Komisja Europejska przedstawiła w marcu propozycje reformy europejskiego rynku energii elektrycznej. Zdaniem ekspertów Allianz Trade, mimo obietnic o „głębokiej i kompleksowej reformie“, są to raczej dodatki do obecnej konstrukcji rynku. Ich zdaniem, bardziej niż sam rynek energii reformy wymagają reakcje rządów na kryzys.
System „merit order“, który był odpowiedzialny za ekstremalne wahania cen energii latem 2022 roku, pozostanie zasadą, według której działają krótkoterminowe rynki energii elektrycznej. Wzmocnione zostaną jednak doraźne instrumenty łagodzenia ekstremalnych szczytów cenowych.
Odporność rynku energii w opinii ekspertów Allianz Trade należy również wzmocnić poprzez przyspieszone wprowadzanie odnawialnych źródeł energii i dodanie wirtualnych rynków regionalnych. Wskazują również na rynki elastyczności, które wspierają wprowadzanie zdolności magazynowania w sieci przesyłowej i zwiększają reakcję strony popytowej na sygnały cenowe.
Nawet jeśli system „merit order“ prowadzi do zmienności cen, okazał się on ogólnie skutecznym systemem zarządzania podażą i popytem na rynku europejskim – oceniają analitycy Allianz Trade.
Większa stabilność cen energii
Istotą propozycji Komisji jest dodanie długoterminowych instrumentów, które zapewniają odbiorcom energii elektrycznej wyższy stopień stabilności cen, w wytwórcom – bodźce do inwestycji. W grę wchodzą dwa instrumenty: PPA (umowy zakupu energii elektrycznej) oraz CfD (kontrakty różnicowe).
Pierwsze z nich to dwustronne umowy między producentami i odbiorcami energii elektrycznej. Do tej pory korzystały z PPA głównie duże korporacje, zapewniając sobie długoterminową pewność co do cen i ilości energii. Komisja chce udostępnić korzyści z PPA również gospodarstwom domowym oraz małym i średnim przedsiębiorstwom.
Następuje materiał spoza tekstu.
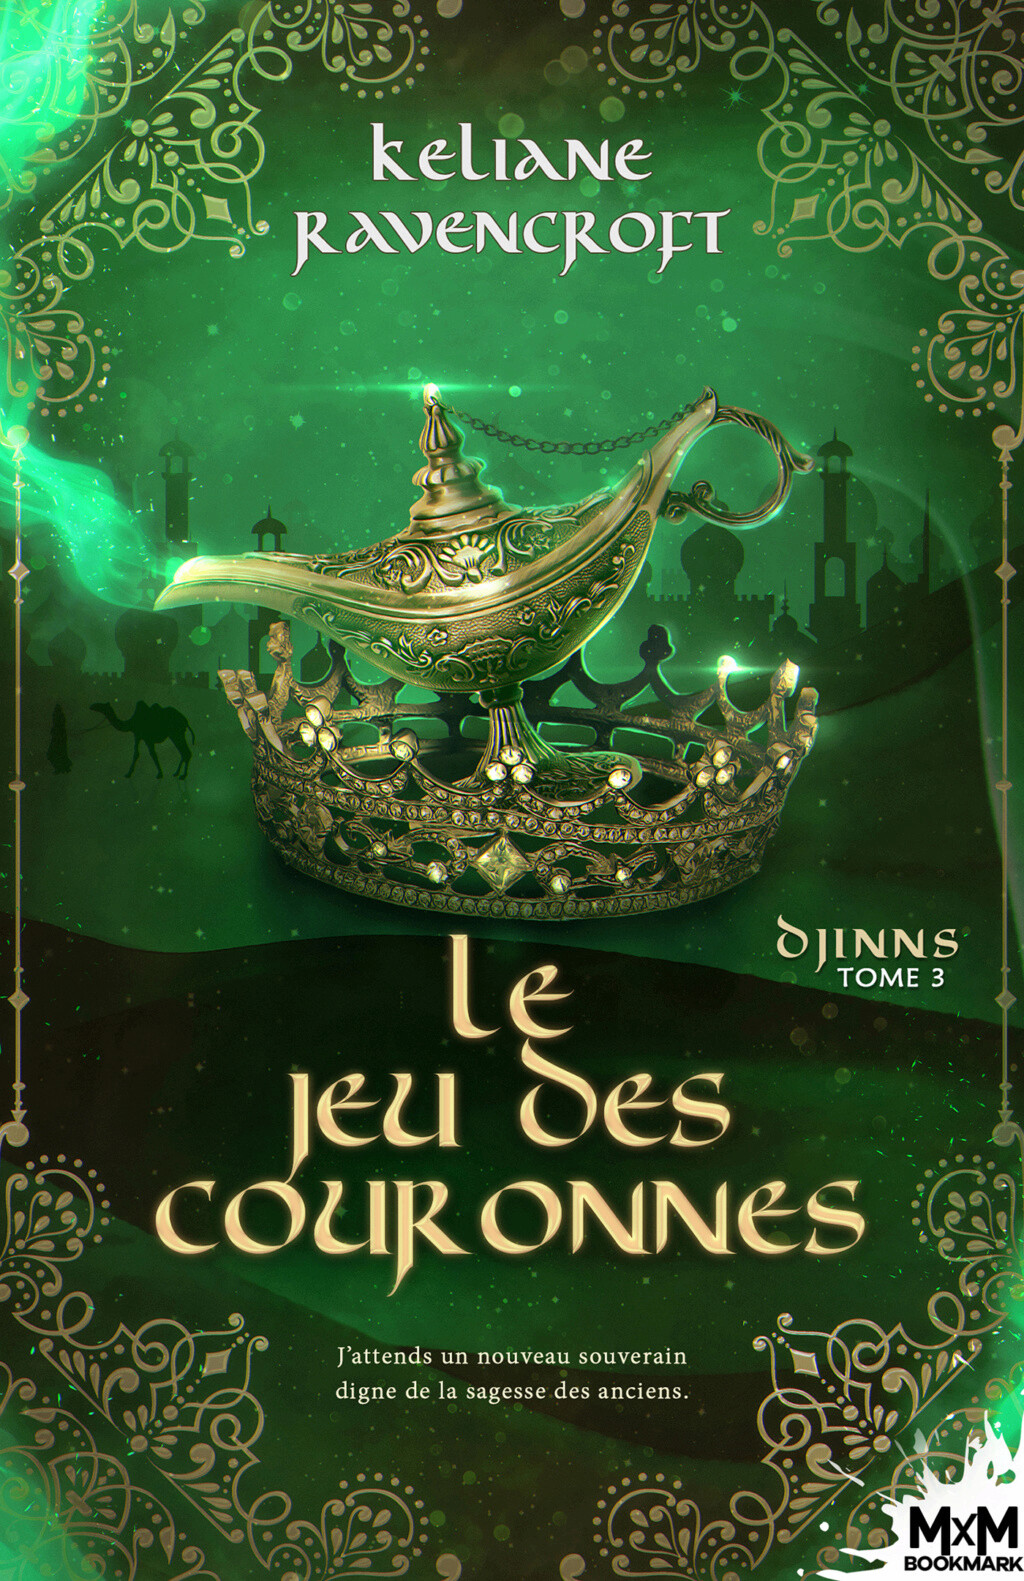 Djinns - Tome 3 : Le jeu des couronnes de Keliane Ravencroft 3dca8810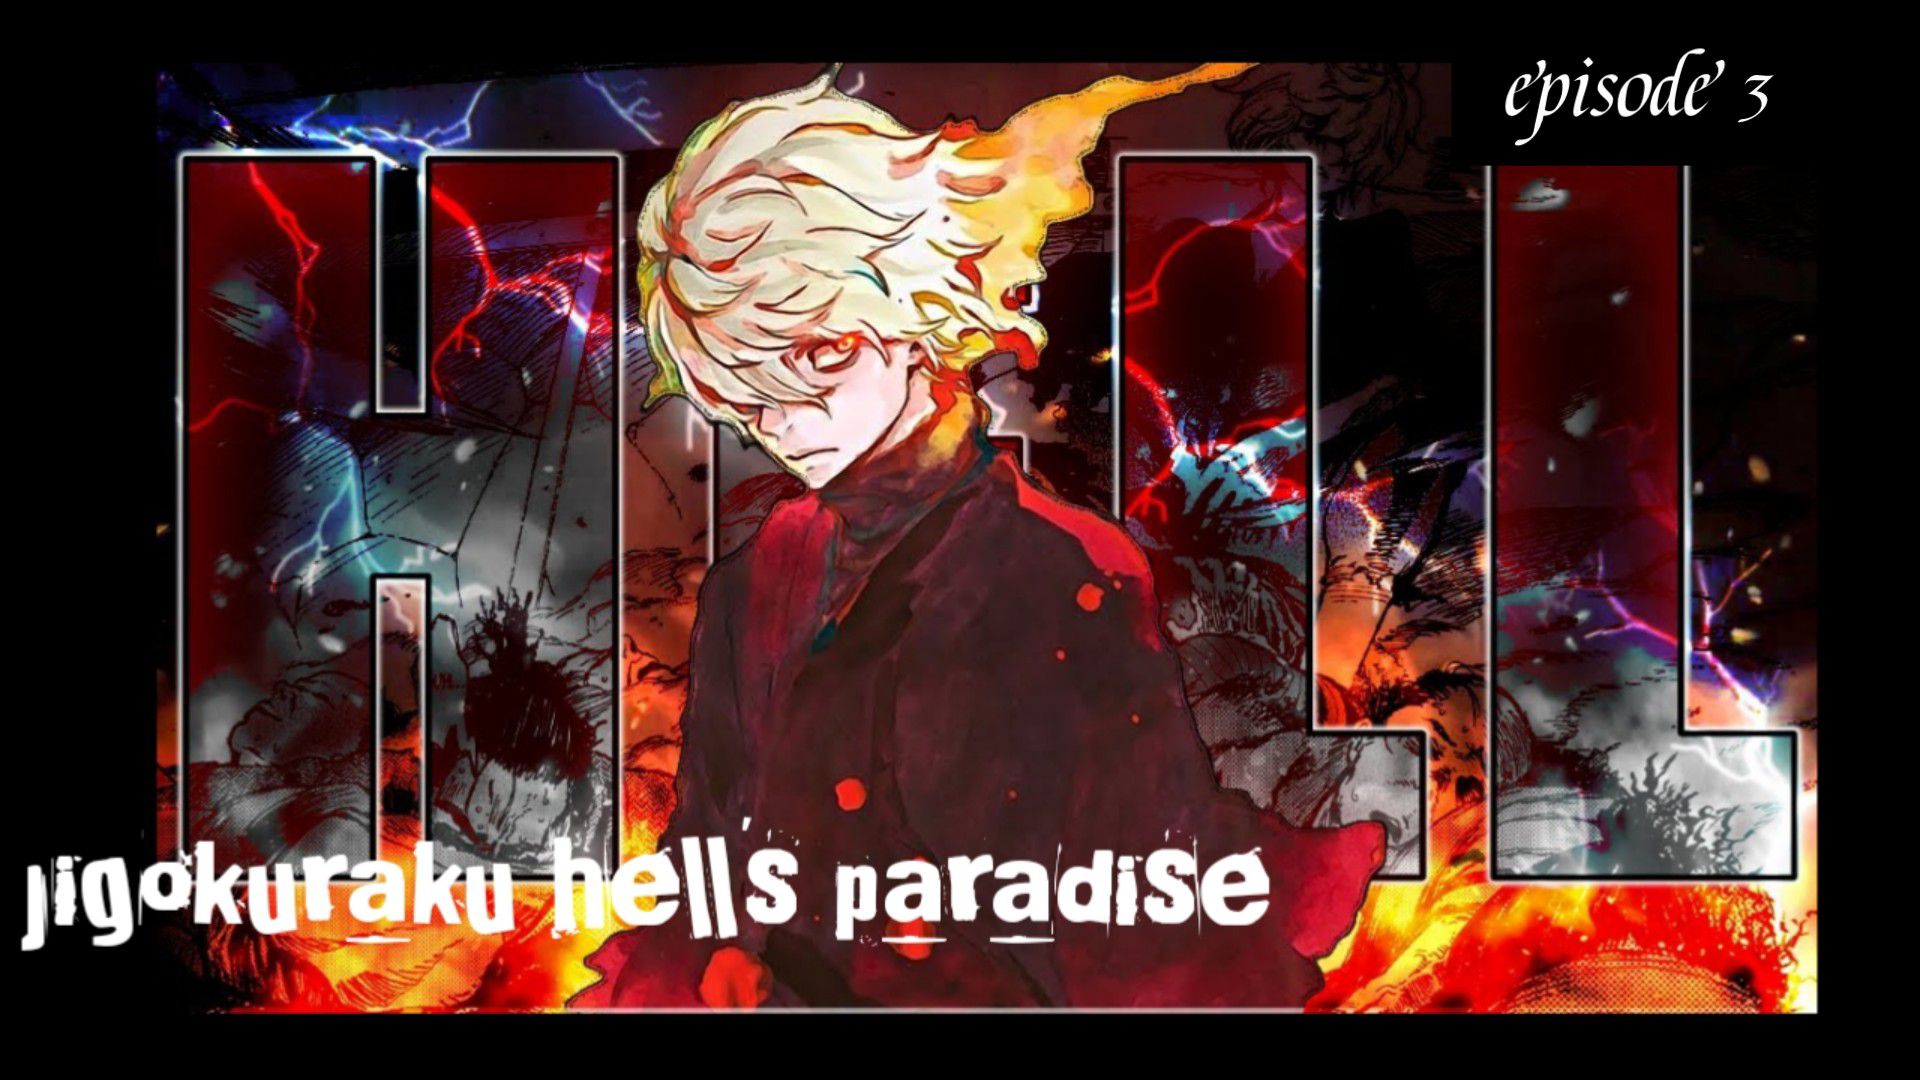 Hells paradise jigokuraku episode 3 - BiliBili

Z kolei CfD zawiera regulator z wytwórcami energii elektrycznej. Teraz CfD najczęściej prowadzą do wypłaty rekompensat wytwórcy, jeśli cena energii elektrycznej spadnie poza określony przedział. Komisja wskazuje, że powinny być to kontrakty w dwie strony. Jeśli ceny energii są zbyt wysokie, producent energii elektrycznej musi zapłacić – w ten sposób problem „nadmiernych zysków“ . Głównym celem CfD jest jednak stworzenie długoterminowej, stabilnej podstawy obliczeniowej dla inwestycji w OZE. Z planowaną regulacją wiąże się szereg środków towarzyszących, które mają zwiększyć akceptację i upowszechnienie tych instrumentów. Ostatecznie jednak to uczestnicy rynku zdecydują, czy z nich skorzystają.
Reforma rynku energii elektrycznej musi objąć sieci
Jak ocenia Alliaz Trade, propozycja Komisji uwzględnia kruchość paneuropejskiego rynku energii elektrycznej, na którym występują znaczne różnice regionalne. Jest to reforma z wyczuciem proporcji, która poprawia status quo – zwłaszcza jeśli uda się jej znacząco zwiększyć wykorzystanie CfD, a tym samym inwestycje. W tym kontekście należy wziąć pod uwagę nie tylko wytwarzanie energii, ale także w coraz większym stopniu infrastrukturę sieciową.
Czytaj także: Czas zakręcić kurek z rosyjską ropą i szybciej przesiąść się na elektryki
Dostosowanie sieci jest potrzebne, aby energia mogła również przepływać w drugą stronę – od prosumentów do innych odbiorców. Operatorzy systemów przesyłowych są zachęcani do zamawiania produktów „oszczędzających energię w szczycie“. Inwestycje w cyfryzację w celu inteligentnego sterowania zużyciem energii elektrycznej oraz w zdolności magazynowania są więc pilnie potrzebne.
Nieskoordynowane i źle ukierunkowane interwencje rynkowe tworzą niewłaściwe bodźce dla wszystkich uczestników rynku – wskazuje Allianz Trade. Nawet jeśli ekstremalne wahania cen z zeszłego lata raczej nie powtórzą się w takiej samej formie, to kolejny kryzys cen energii na pewno nadejdzie. Rządy powinny być na niego dobrze przygotowane. W tym celu potrzebują zestawu narzędzi w postaci skutecznych i ukierunkowanych środków ex ante, które przyniosą szybką pomoc osobom rzeczywiście dotkniętym kryzysem. Mogą to być na przykład płatności ryczałtowe dla gospodarstw domowych.